Malignant hyperthermia shows incomplete penetrance, i.e. not all individuals having a causative variant will develop malignant hyperthermia, nor will all individuals with such variants develop malignant hyperthermia at their first anesthetic encounter. Malignant hyperthermia has an estimated incidence of 1:10,000 anesthetics in children and 1:50,000 in adults (Rosenberg et al. 2003 Genereviews). This difference is probably due to increased penetrance in children, rather than a difference in genetic predisposition. Additionally, the penetrance may vary from one variant to the other, indicated by different dose-response curves for groups of individuals carrying different variants (Carpenter 2009 Br J Anaesth 103:538-48). Thus, the proportion of individuals having a causative variant will be higher than the incidence of malignant hyperthermia. The prevalence of causative variants in the French and Japanese populations was estimated to be around 1:2,000 to 1:3,000 (Monnier 2002 Anesthesiology 97:1067-74 and Ibarra 2006 Anesthesiology 104:1146–54). Additionally, exome sequencing data of >60,000 individuals revealed a relative high prevalence (~1:2500 Europeans) of the common causative variant, Arg614Cys (ExAC database; Lek 2016 Nature 536; 285–291). This indicates that the penetrance of malignant hyperthermia for this variant only is <25% in children (2,500/10,000), and <5% in adults (2,500/50,000). This calculation is based on the assumption that the prevalence of this variant is not different in individuals receiving anesthetics compared to controls, and simplified by assuming that the Arg614Cys variant is the only variant causing malignant hyperthermia. Thus, in reality, the penetrance for this variant will be much lower.

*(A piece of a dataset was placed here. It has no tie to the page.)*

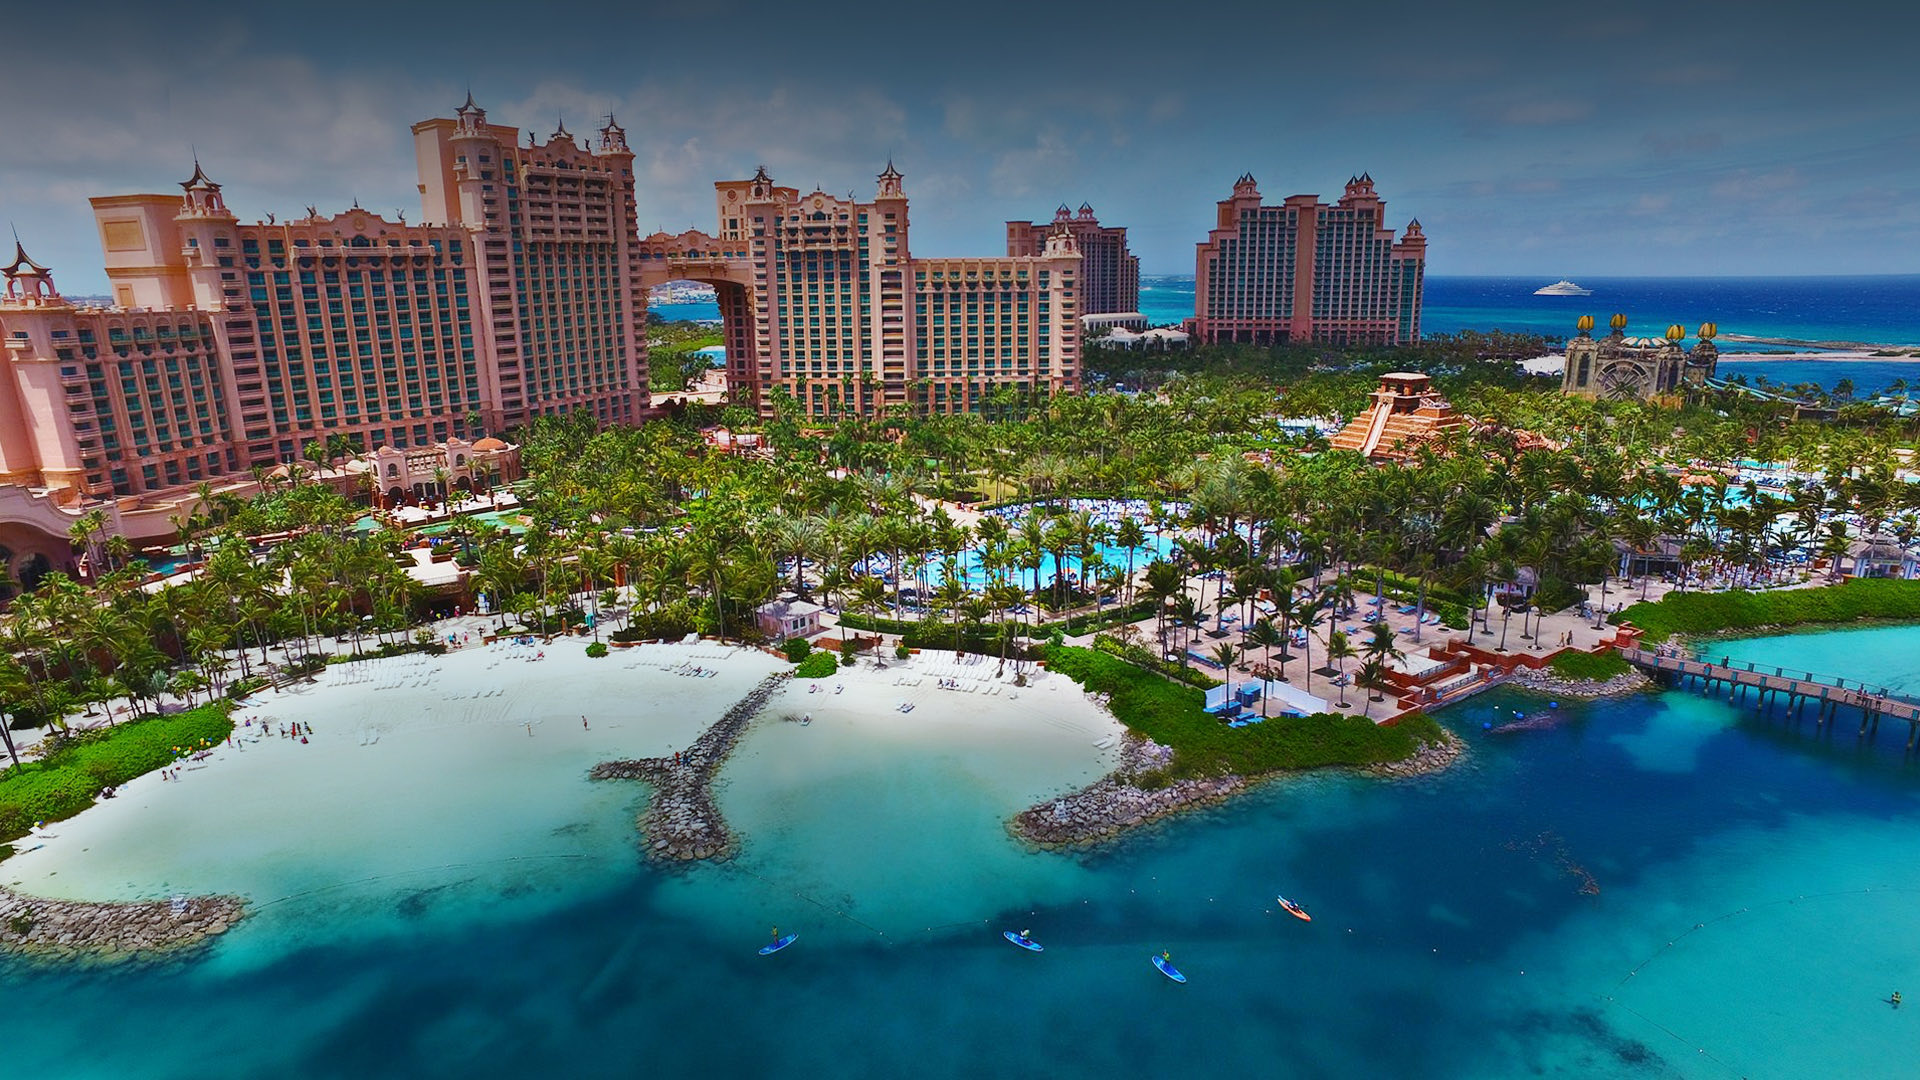 Atlantis Paradise Island: Relaxation, Fun and Excitement in the Bahamas!

To use a population frequency to determine whether a given variant is unlikely to be causative, a few assumptions need to be made: 1). a variant with a penetrance of <1% in children (since their penetrance of malignant hyperthermia is higher) is considered to be a modifier rather than a causative variant. 2). Since the most common causative variants have been revealed already, a new variant is not likely to contribute to >10% of malignant hyperthermia cases. A simple calculation would be: population frequency is incidence divided by penetrance, times contribution. That would be (0.0001 / 0.01) *0.1 =0.001. This suggests that, with the roughly calculated risks and the assumptions given above, any variant with a frequency of >1:1000 is very unlikely to cause malignant hyperthermia.

2. Two independent MHN RYR1 variant carriers

The strongest evidence to determine that a gene variant is not associated with malignant hyperthermia, would be a negative IVCT (MHN) in individuals with the variant. However, to account for false-negative results, or putative modifying genetic factors, testing in a single individual/family would not be sufficient. Thus, a negative IVCT from two unrelated individuals with the same gene variant should be sufficient to call a variant ‘unlikely to cause malignant hyperthermia’. It is of importance that the description of the variant is unequivocal, i.e. genomic (with genome built), coding DNA (with refseq), and protein nomenclature.

How to use the list of ‘variants unlikely to cause malignant hyperthermia’

Once a variant has been established to be unlikely to cause malignant hyperthermia, based on the frequency and / or malignant hyperthermia negative testing of two unrelated individuals with the respective variant, the EMHG proposes the following:

  • In families with a history of malignant hyperthermia and a variant from the list of ‘unlikely-causative variants’, the IVCT remains the gold standard.

  • In families with nohistory of malignant hyperthermia and a variant from this list, the family risk of malignant hyperthermia has been reduced to the risk of the general population. No IVCT testing is needed in those individuals or their family members.